## Material shown
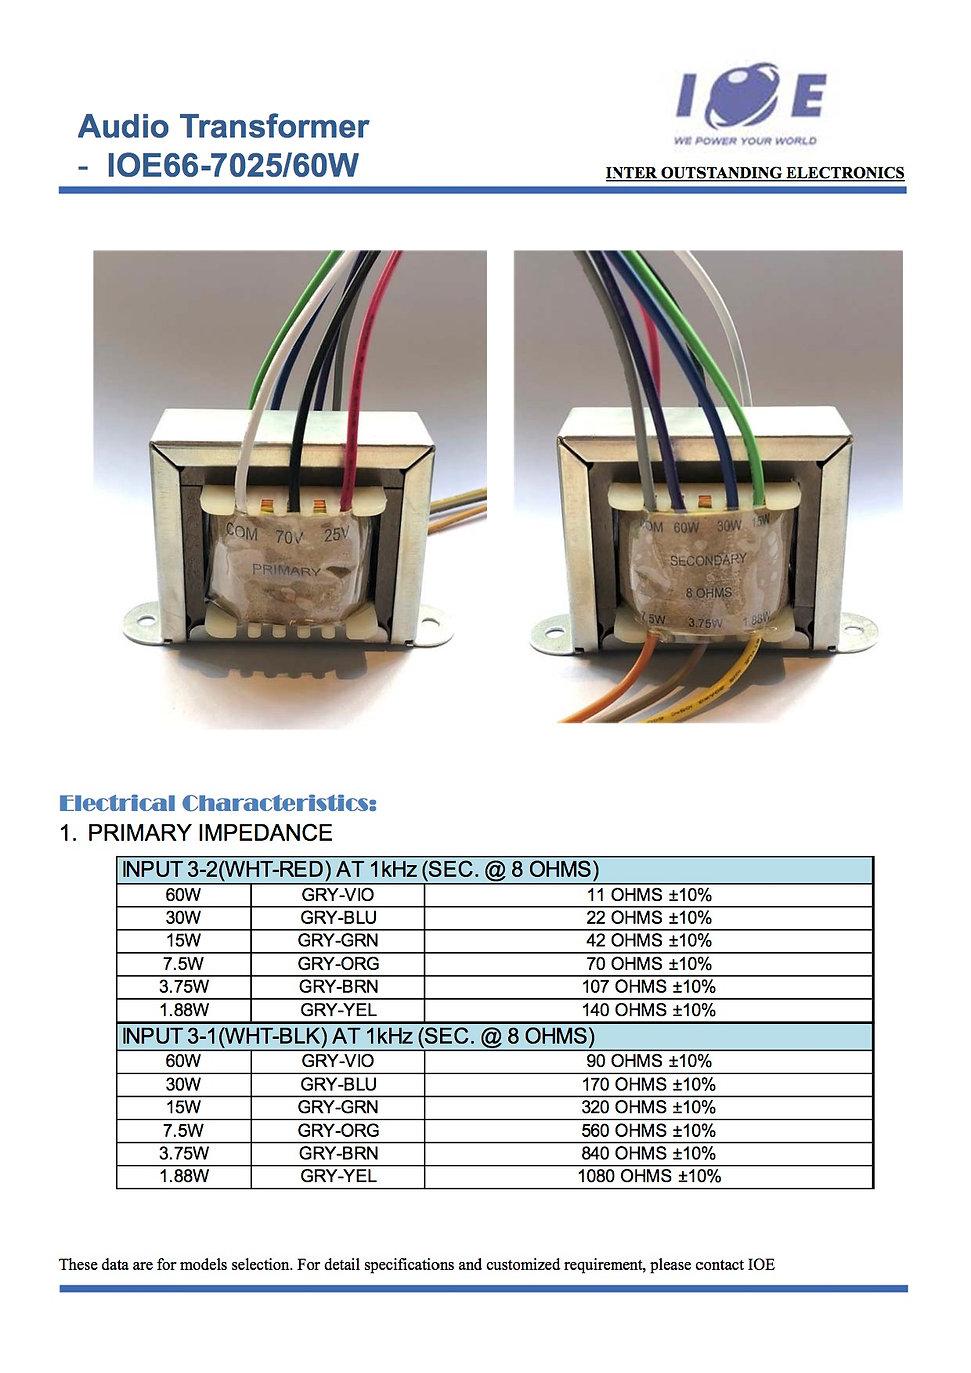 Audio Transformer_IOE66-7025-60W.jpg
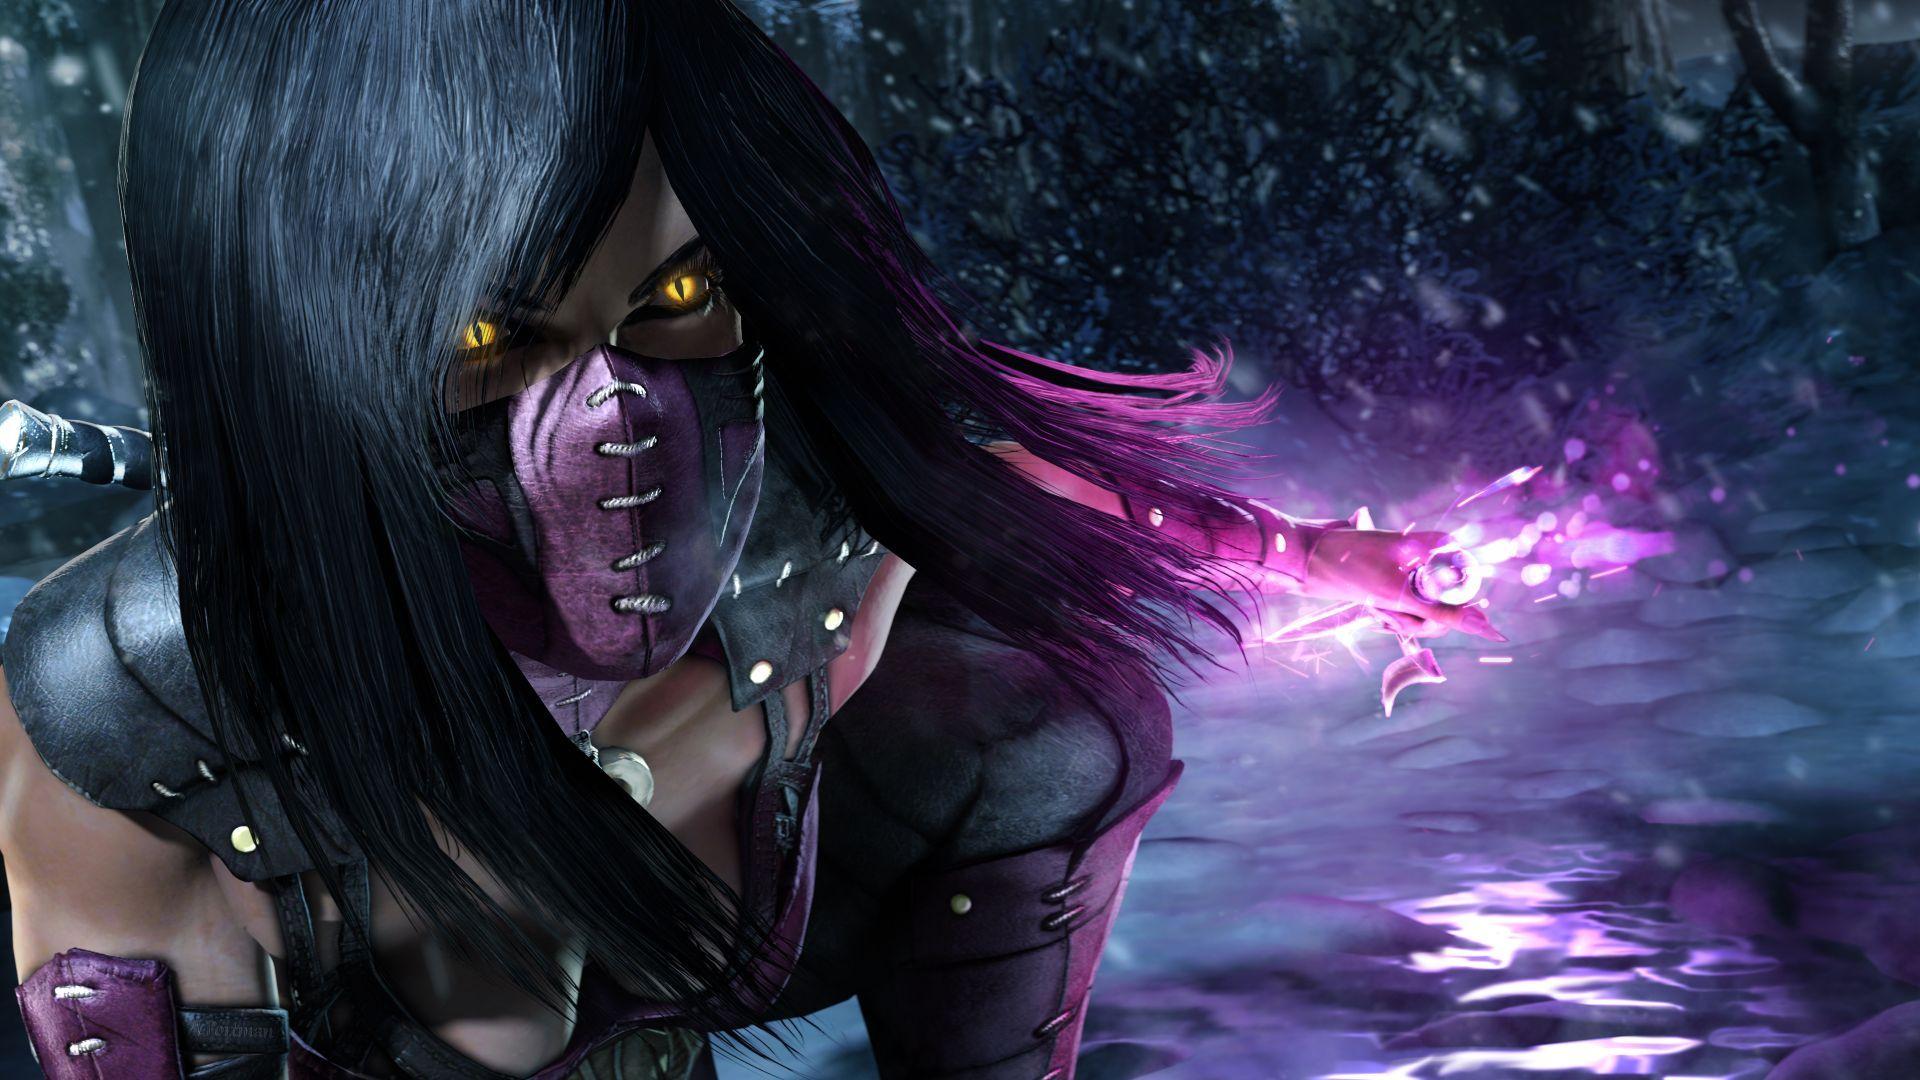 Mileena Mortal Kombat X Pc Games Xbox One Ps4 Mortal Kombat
* * *
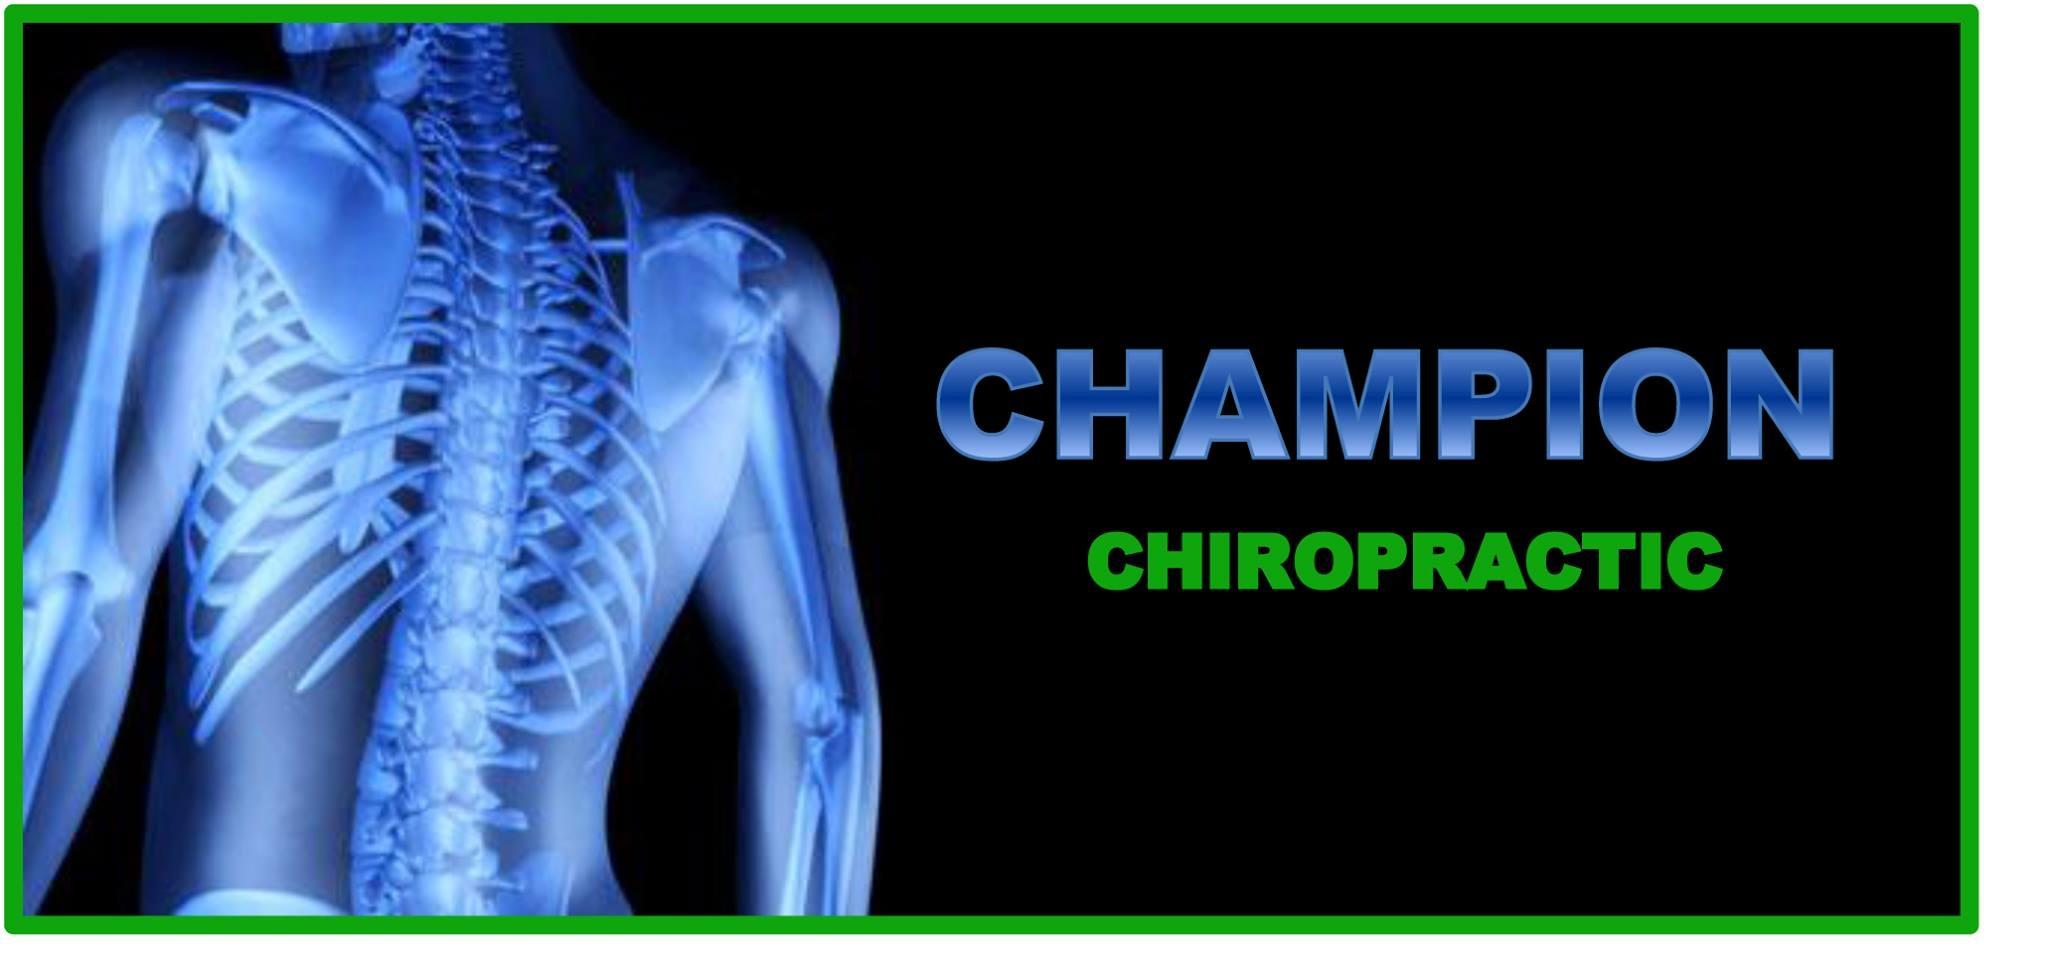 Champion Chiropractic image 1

## Problem
When you reach the line containing "Audio Transformer_IOE66-7025-60W.jpg" in the entries above, begin restating word for word, and stop once the line containing "Mileena Mortal Kombat" has been given. Omit the pictures.

## Solved problem
 Audio Transformer_IOE66-7025-60W.jpg
 Mileena Mortal Kombat X Pc Games Xbox One Ps4 Mortal Kombat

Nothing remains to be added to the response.